Task to carry out – Leave the pictures behind and repeat all the entries exactly.

# # #

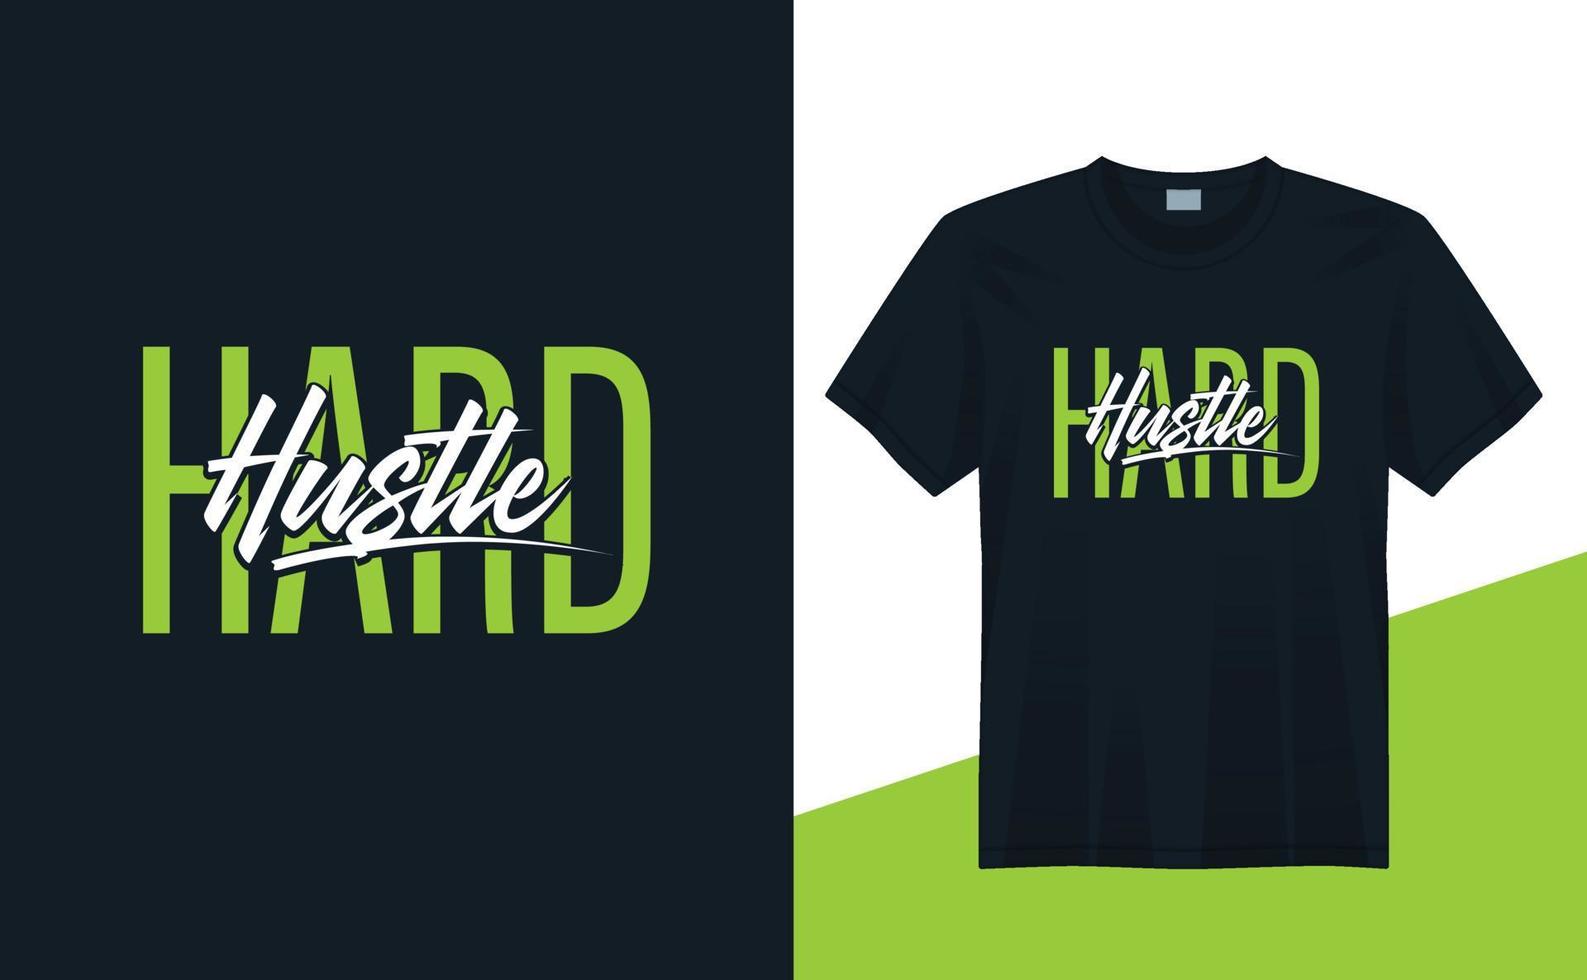 Hustle Hard - vintage grunge tshirt design for tshirt printing, clothing fashion, Poster, Wall art. Tiger pattern vector illustration art for tshirt.
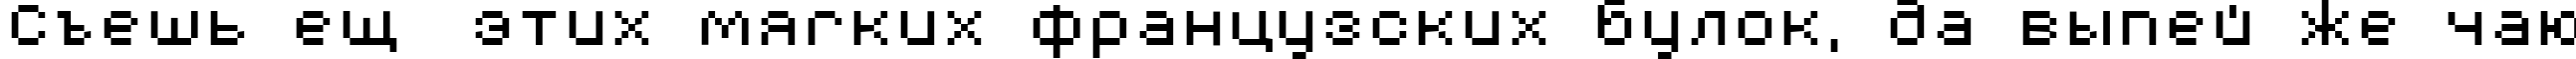 Пример написания шрифтом AuX DotBitC Xtra текста на русском
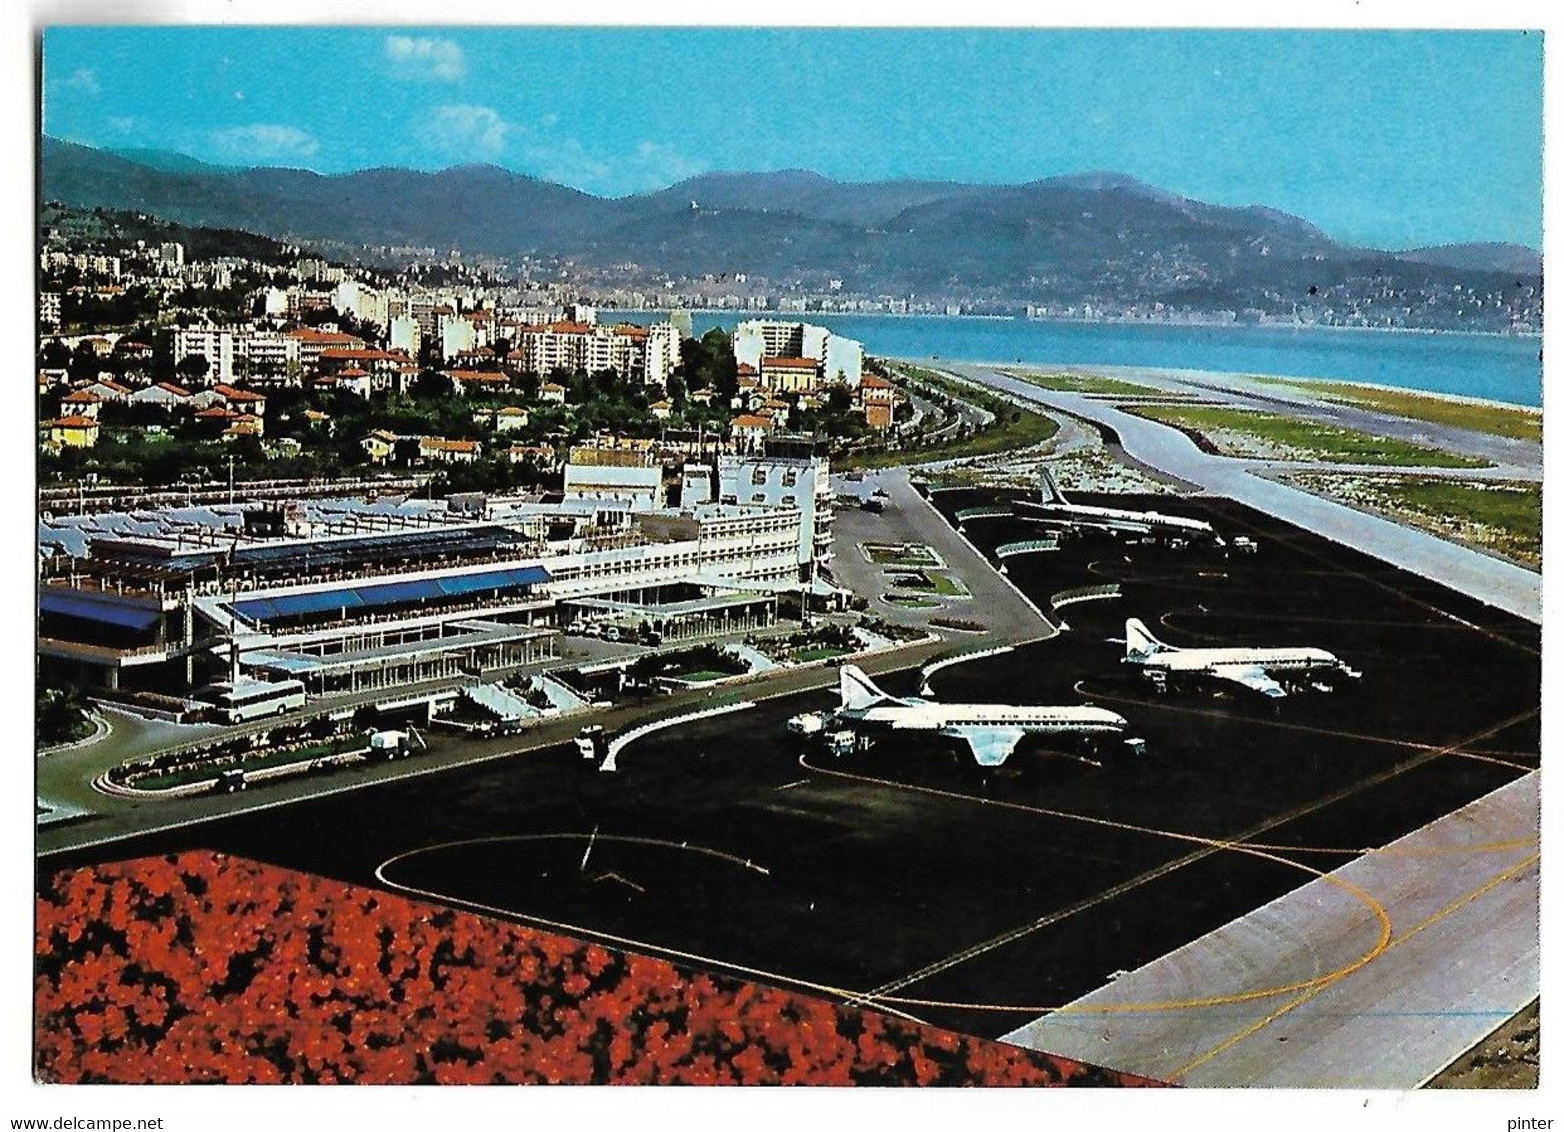 NICE - Vue Aérienne De L'Aéroport Nice-Côte D'Azur - Luftfahrt - Flughafen
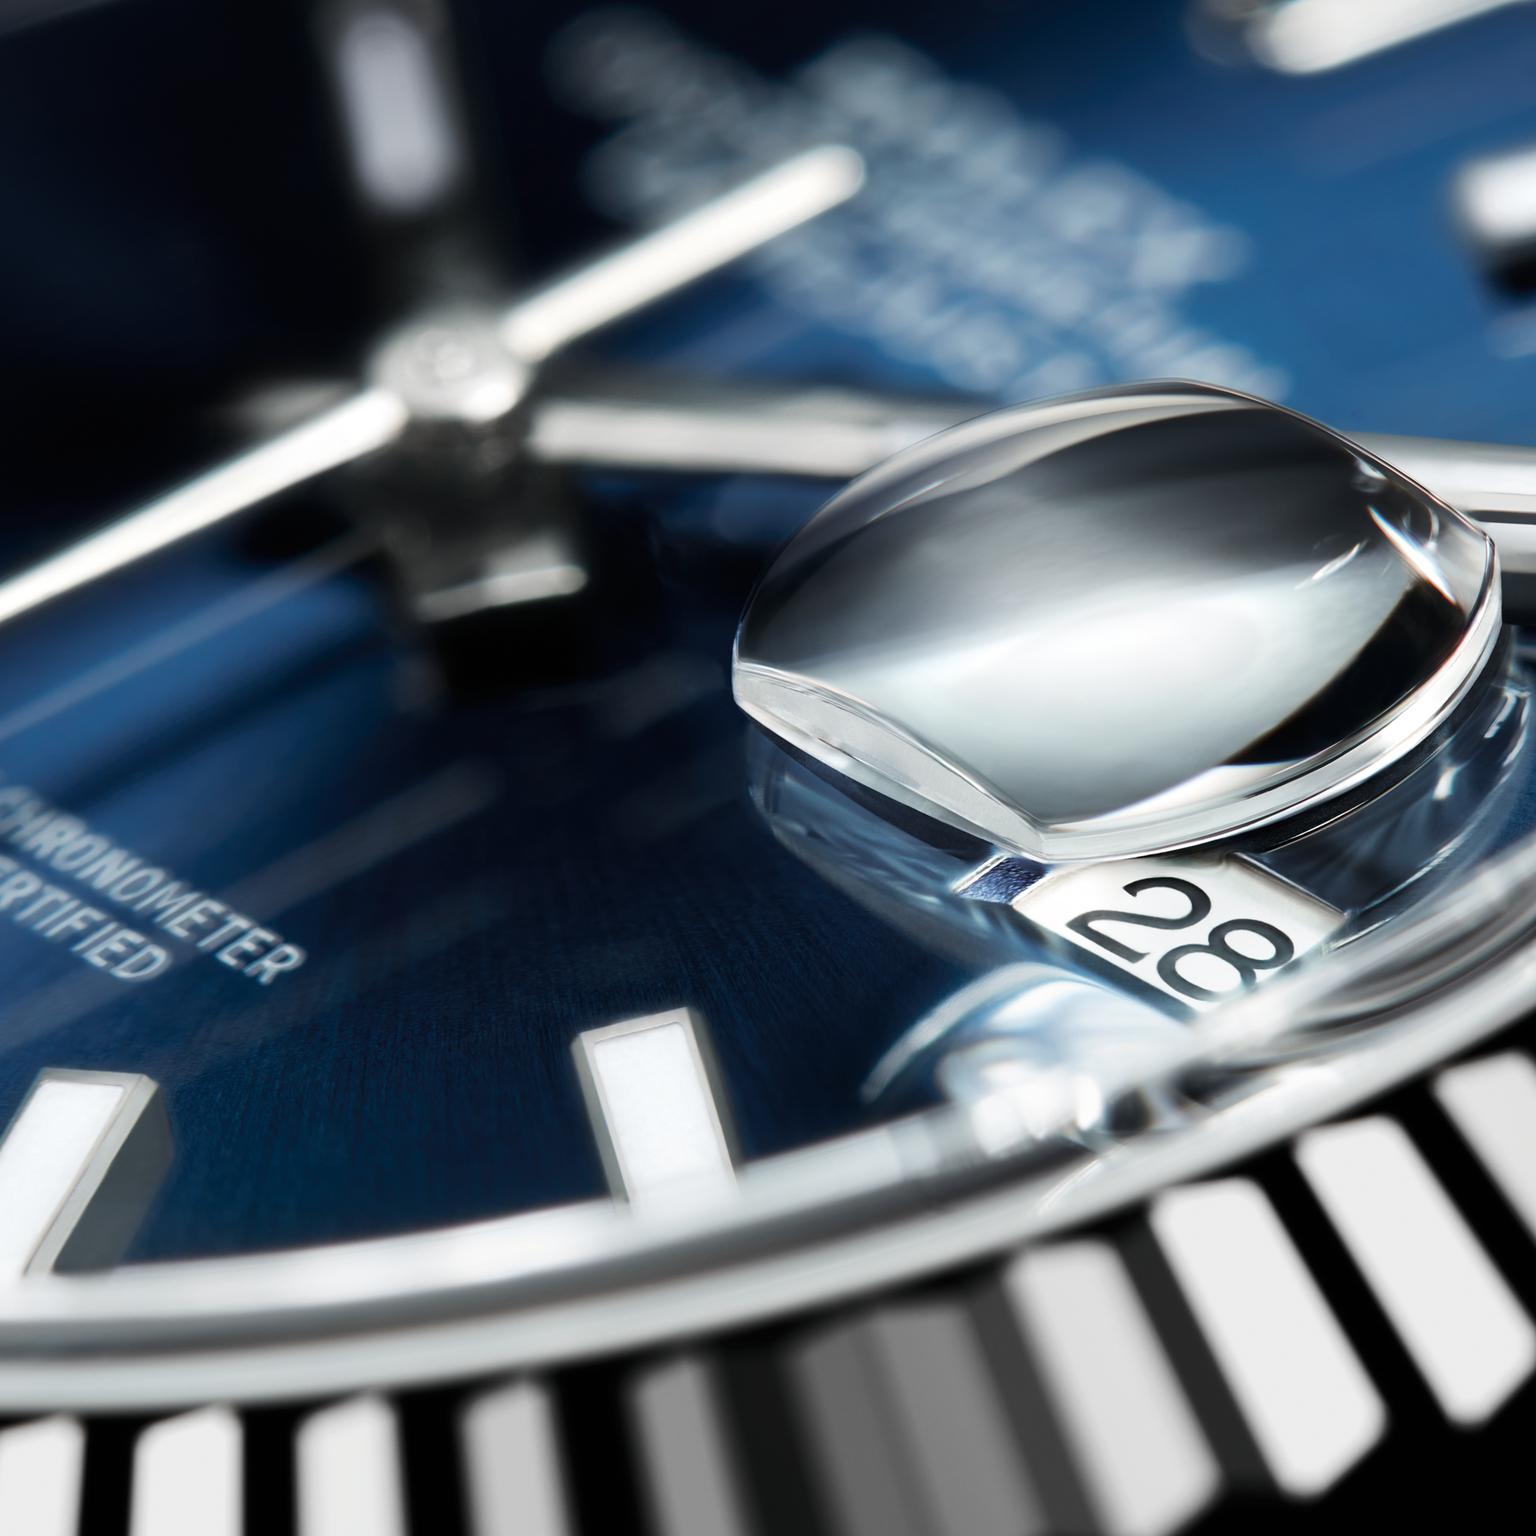 Rolex Datejust 41 watch in close up
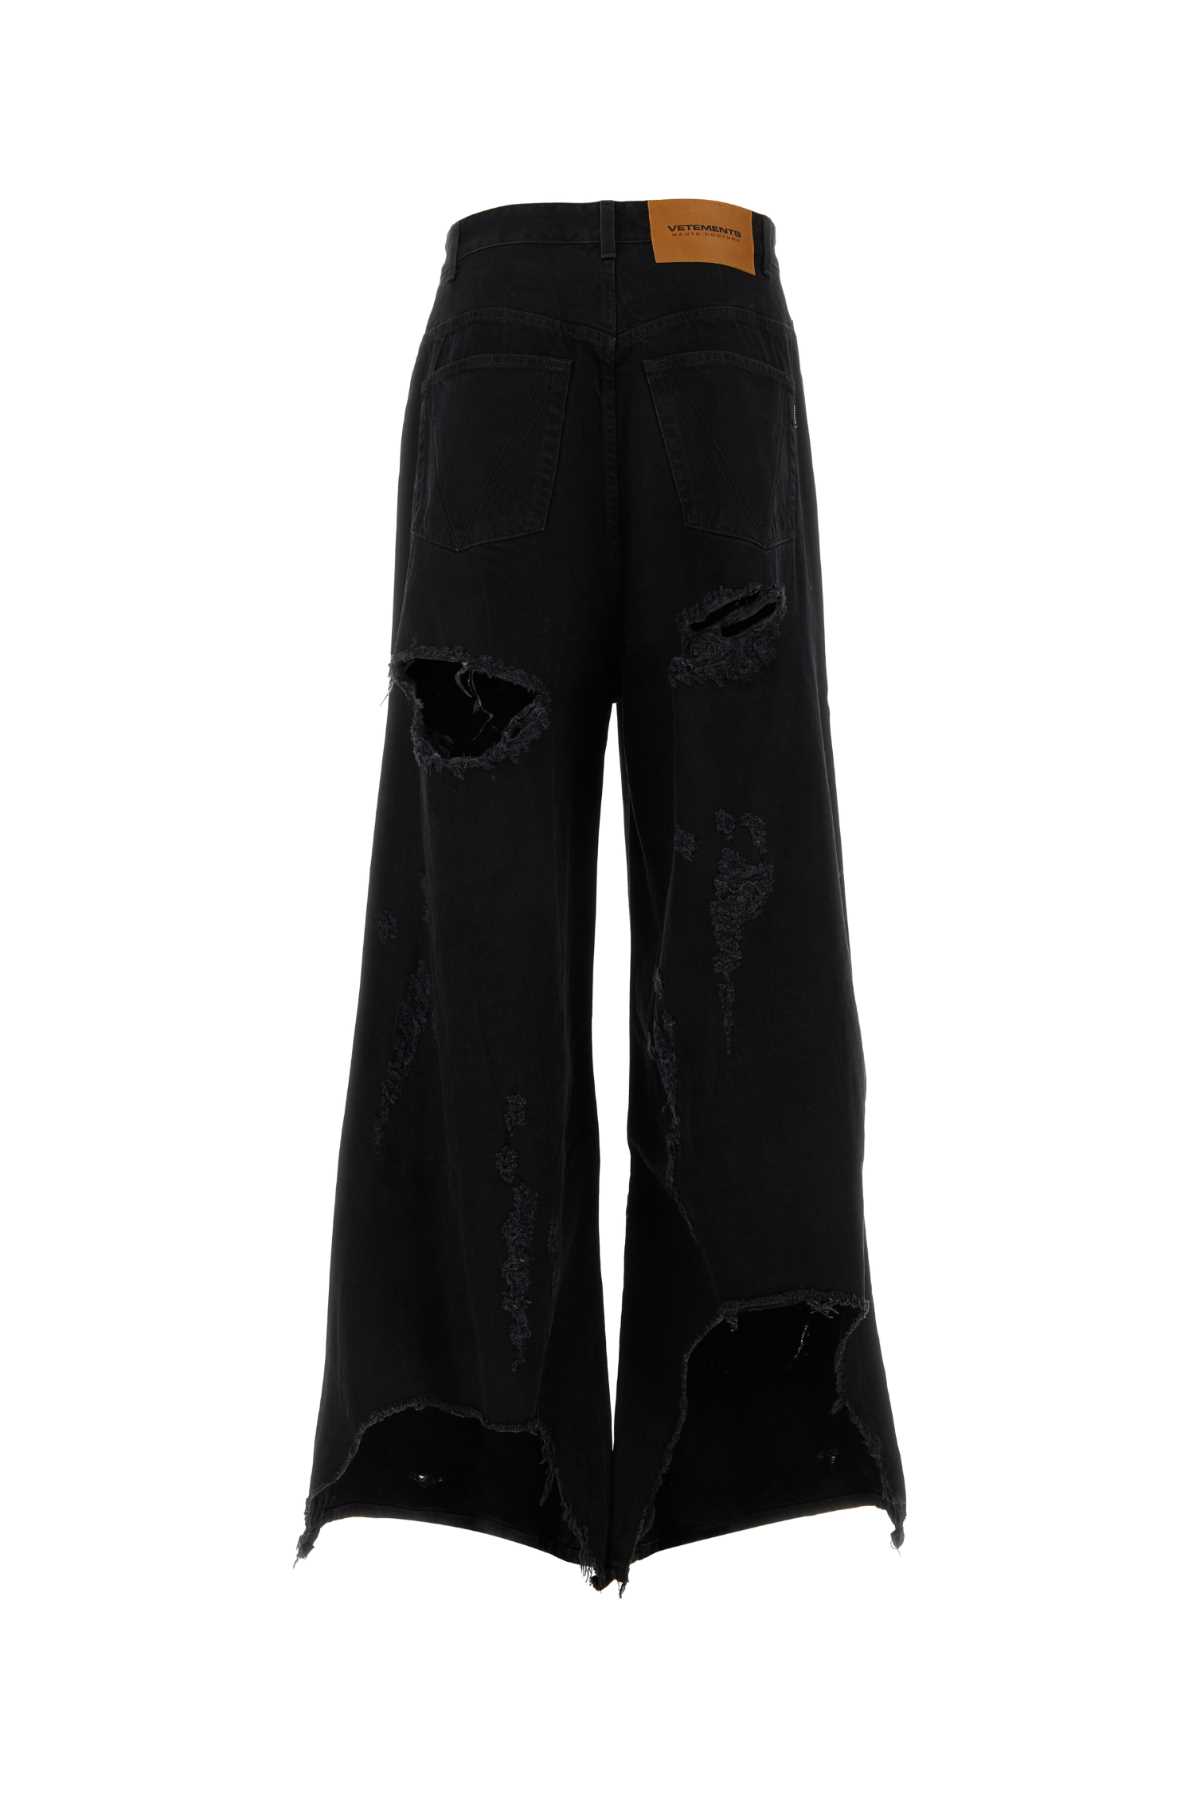 Vetements Black Denim Baggy Jeans

# # #

Solved problem –
 Hustle Hard - vintage grunge tshirt design for tshirt printing, clothing fashion, Poster, Wall art. Tiger pattern vector illustration art for tshirt.
 Пример написания шрифтом AuX DotBitC Xtra текста на русском
 NICE - Vue Aérienne De L'Aéroport Nice-Côte D'Azur - Luftfahrt - Flughafen
 Rolex Datejust 41 watch in close up
 Vetements Black Denim Baggy Jeans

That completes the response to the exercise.